▸ EXERCISE DETAILS
Copy out and return the lines from the one holding "OUTLINE - Octagon Saddle Pad w/ Logo 2" to the end of the listing below, both included, omitting the pictures.

▸ SOURCE DATA
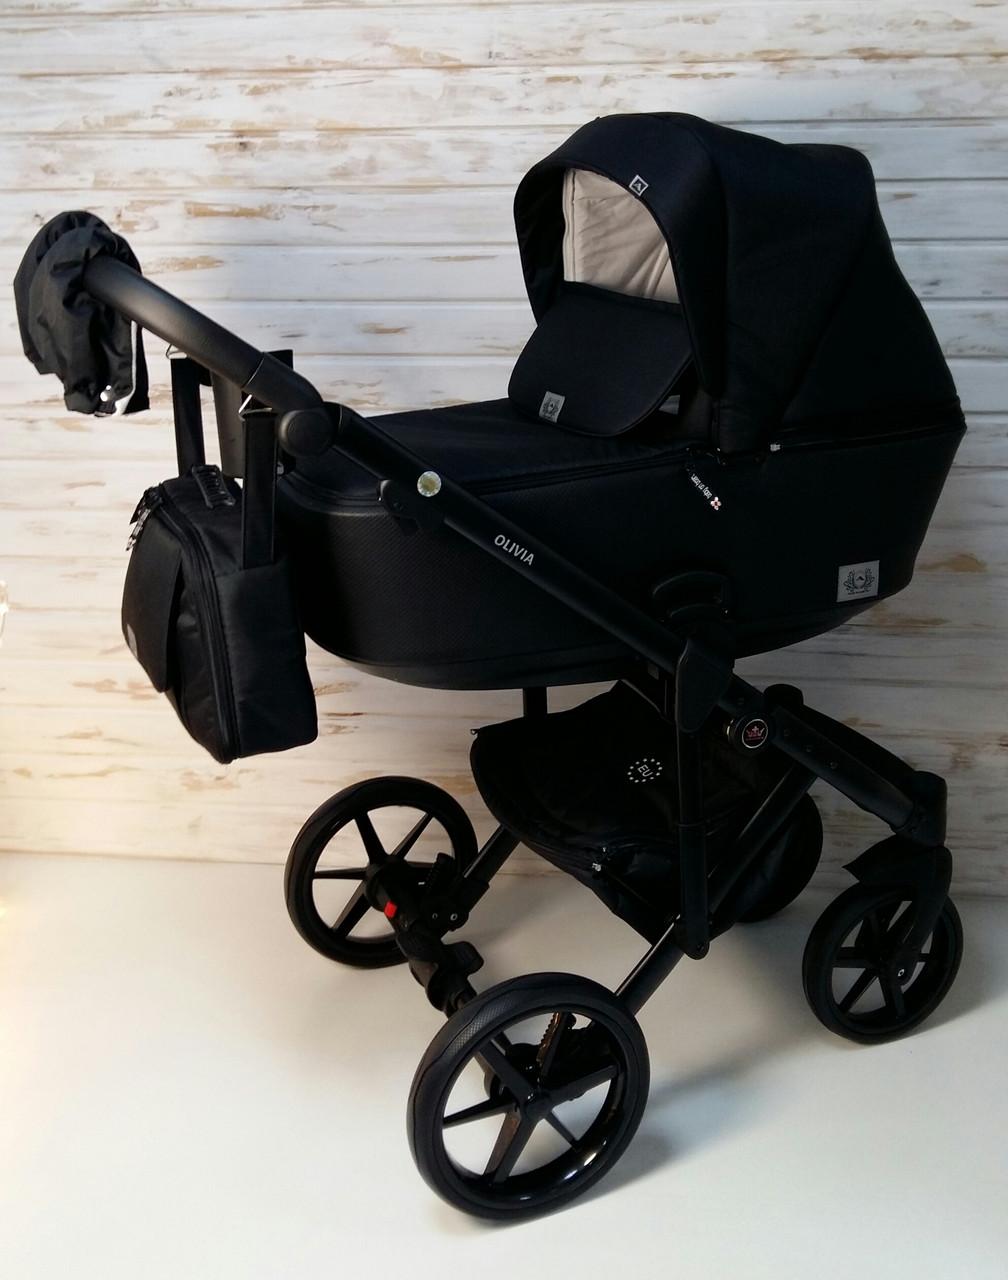 Дитяча універсальна коляска 2 в 1, Коляска Adamex Olivia, Чорна тканина, чорна перфорована еко-шкіра
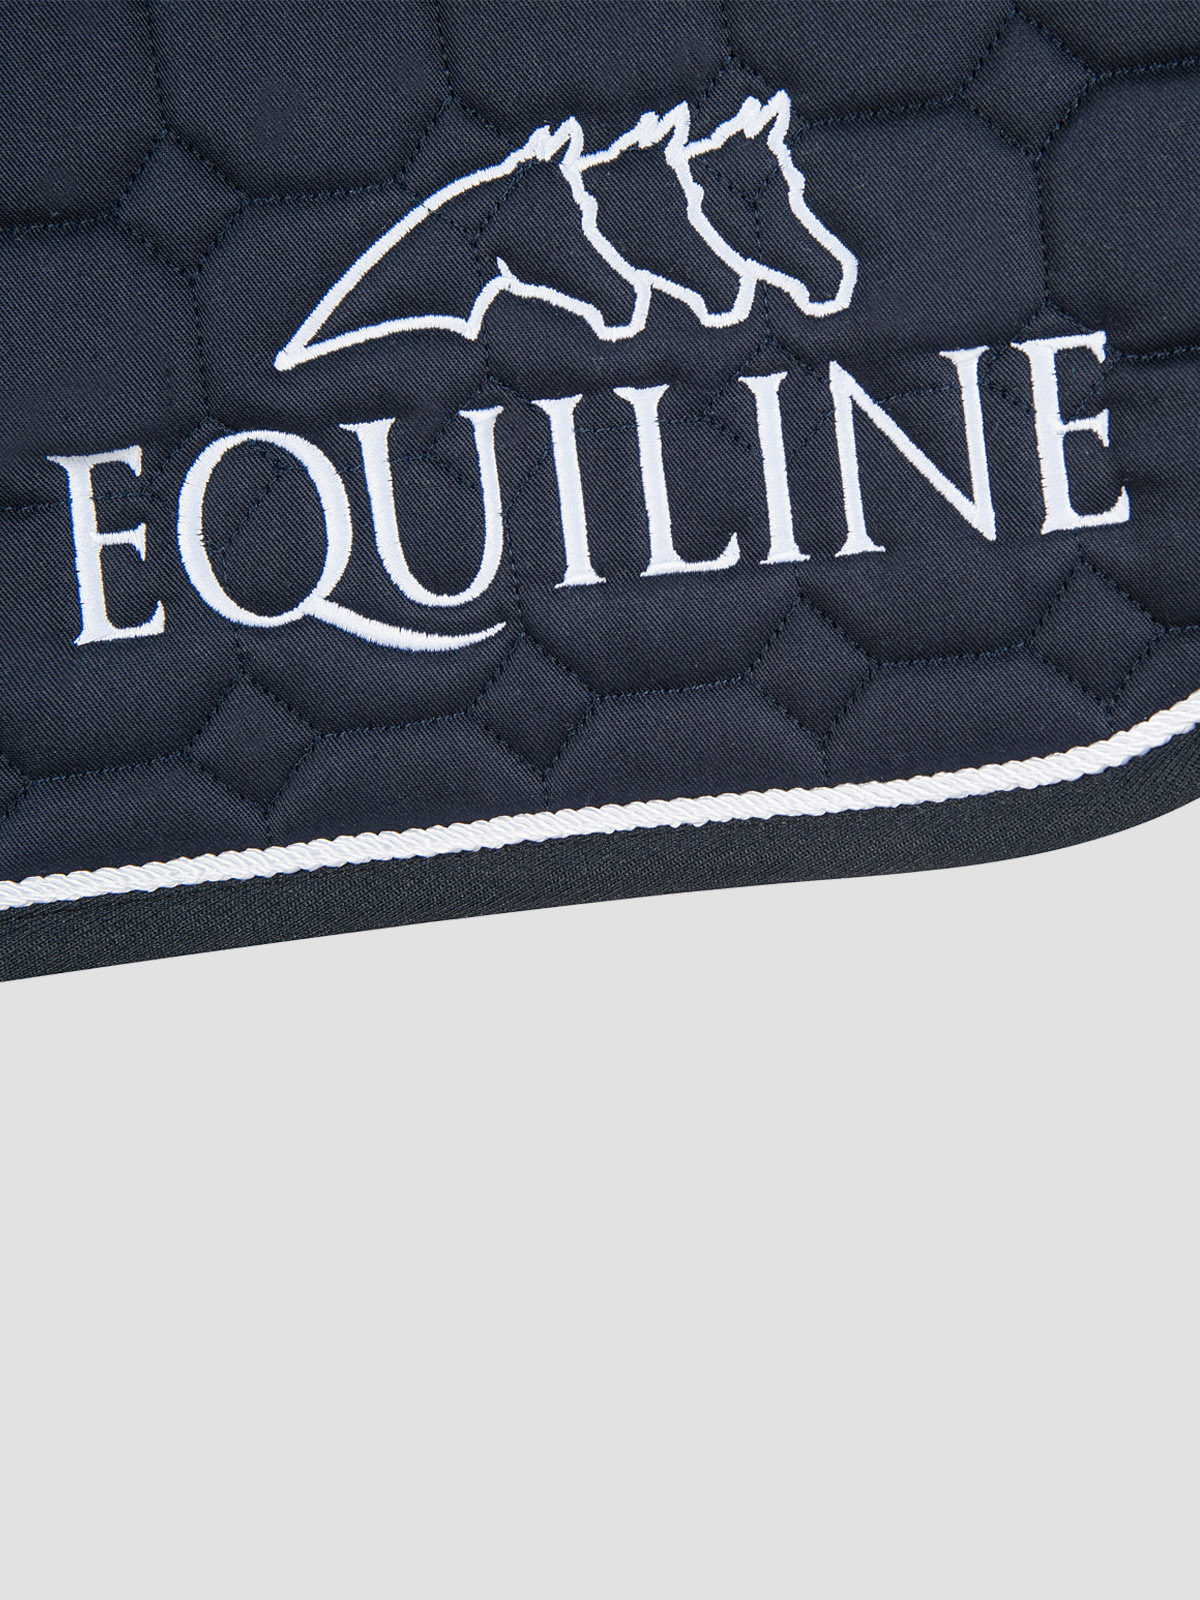 OUTLINE - Octagon Saddle Pad w/ Logo 2
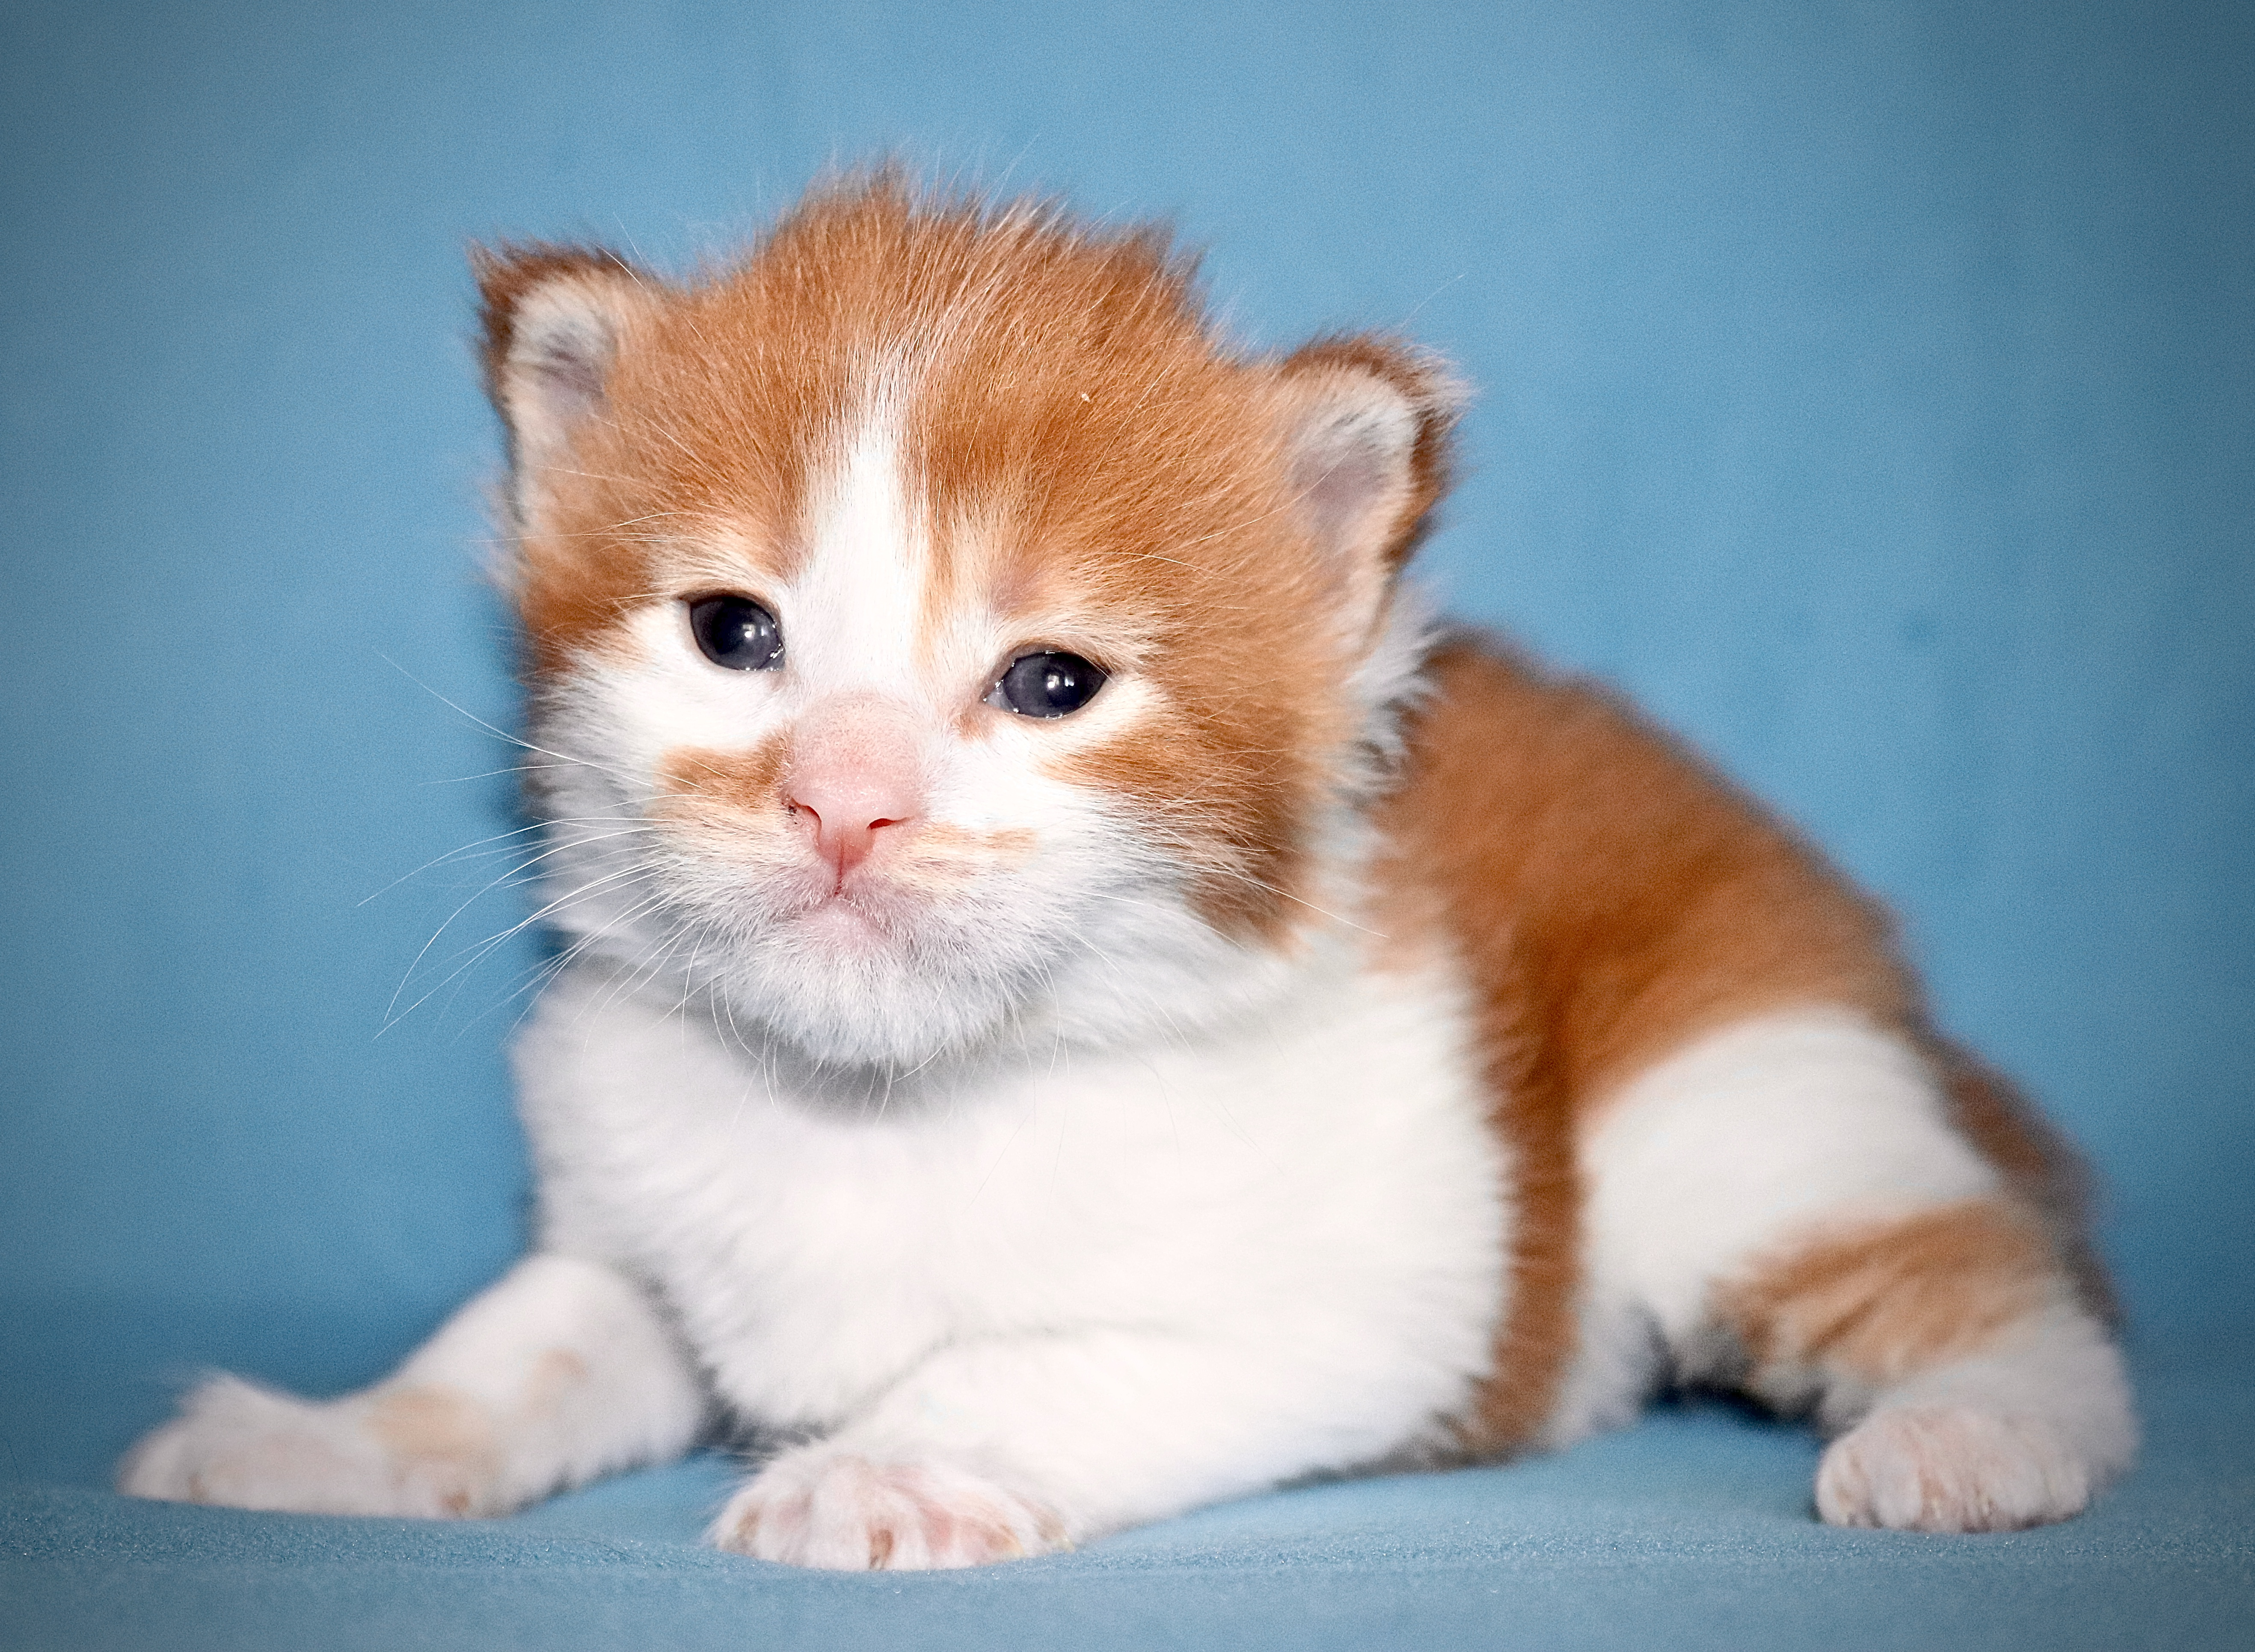 fotka kočky VRH J: JONATHAN VON ERILLIAN*CZ

▸ SOLUTION TO THIS PROBLEM
 OUTLINE - Octagon Saddle Pad w/ Logo 2
 fotka kočky VRH J: JONATHAN VON ERILLIAN*CZ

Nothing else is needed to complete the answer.